In this part we will select a model that is going to be used to predict the IsVirus or not. I prefer using Naive Bayes, since; it is easy to build and probabilistic approach is highly reliable, logistic regression or perceptrons can also be preferred for linear systems but, for most naive bayes feels more natural from a statistics point of view.

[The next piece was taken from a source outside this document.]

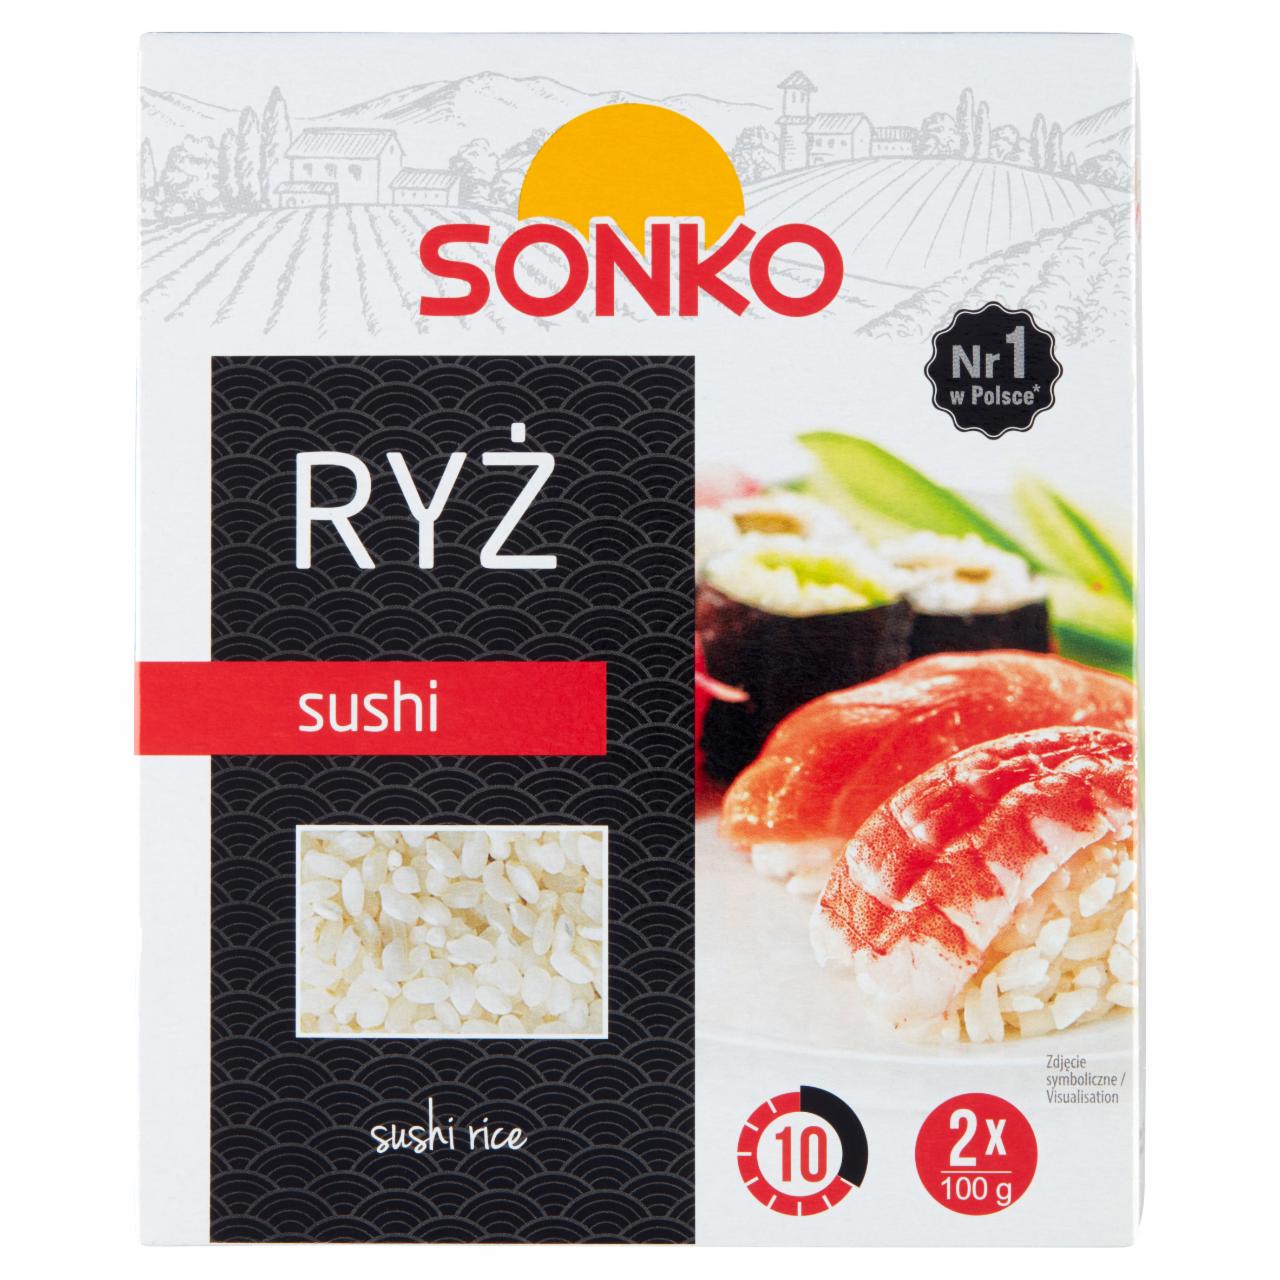 Zdjęcia - Sonko Ryż sushi 200 g (2 x 100 g)

So that means I will use Naive Bayes model with cross validation to train it from itself.

In [42]:
from sklearn.naive_bayes import GaussianNB
from sklearn import model_selection # train_test_split, KFold ,cross_val_score, GridSearchCV

In [43]:
model = GaussianNB()

In [44]:
df = data.copy()
df.head(5)

Unnamed: 0,feature_1,feature_2,feature_3,feature_4,isVirus
0,-0.233467,0.308799,2.484015,1.732721,False
1,1.519003,1.238482,3.34445,0.783744,False
2,0.40064,1.916748,3.291096,-0.918519,False
3,-1.616474,0.209703,1.461544,-0.291837,False
4,1.480515,5.299829,2.64067,1.867559,True


In [45]:
#df.iloc[:, :-1]
#df.iloc[:, -1] 

In [46]:
X = df.iloc[:, :-1] # choose all rows and first 4 columns (excluding the last)
y = df.iloc[:, -1] # choose all rows and only last column

#### Model

In [47]:
# simple train test split
X_train, X_test,y_train, y_test = model_selection.train_test_split(X, y, test_size=0.2)
model.fit(X_train, y_train)

GaussianNB()

In [48]:
preds = model.predict(X_test)

In [49]:
# K fold cross validation to test the specific model
cv = model_selection.StratifiedKFold(n_splits=5, shuffle = True) # getting 5 folds
scores = model_selection.cross_val_score(model, X, y, cv=cv, scoring='accuracy') # automatically uses model on 5 times on folds, 
# and calculate accuracy score and return array of size 5

In [50]:
scores1 = model_selection.cross_val_score(model, X, y, cv=cv, scoring='f1')# automatically uses model on 5 times on folds, 
# and calculate f1 score and return array of size 5

In [51]:
# hyperparameter tuning for GaussianNB - 
param_dic = {'var_smoothing': (1e-8, 1e-9, 1e-10)}
gridsearch = model_selection.GridSearchCV(estimator=model, param_grid=param_dic, cv=5, scoring='f1') 
# param_grid is dictionary of hyperparameter with corresponding list of values to test
# cv is for checking each combination of hyperparameters of 5 folds using scoring f1_score

In [52]:
gridsearch.fit(X_train, y_train)

GridSearchCV(cv=5, estimator=GaussianNB(),
             param_grid={'var_smoothing': (1e-08, 1e-09, 1e-10)}, scoring='f1')

In [53]:
gridsearch.best_params_ # looking at the combination that yield to the best f1_score 

{'var_smoothing': 1e-08}

In [54]:
# cross validation accuracy scores for five fold
for i in scores:
    print("acc: {0:.2f}%".format(i*100))

acc: 66.25%
acc: 63.25%
acc: 70.00%
acc: 67.00%
acc: 74.94%


In [55]:
# cross validation f1 scores for five fold
for i in scores1:
    print("f1: {0:.2f}".format(i))

f1: 0.64
f1: 0.61
f1: 0.65
f1: 0.62
f1: 0.66


So as last comments, I want to point out that the NULL data that I imputed into the dataset are in the range of $\sigma$ , therefore we can deduce that 68% is expected for this test, by eliminating some and increasing the HDI to 2$\sigma$ or 3$\sigma$ in the uniform imputation can some of the points that can increase the scores.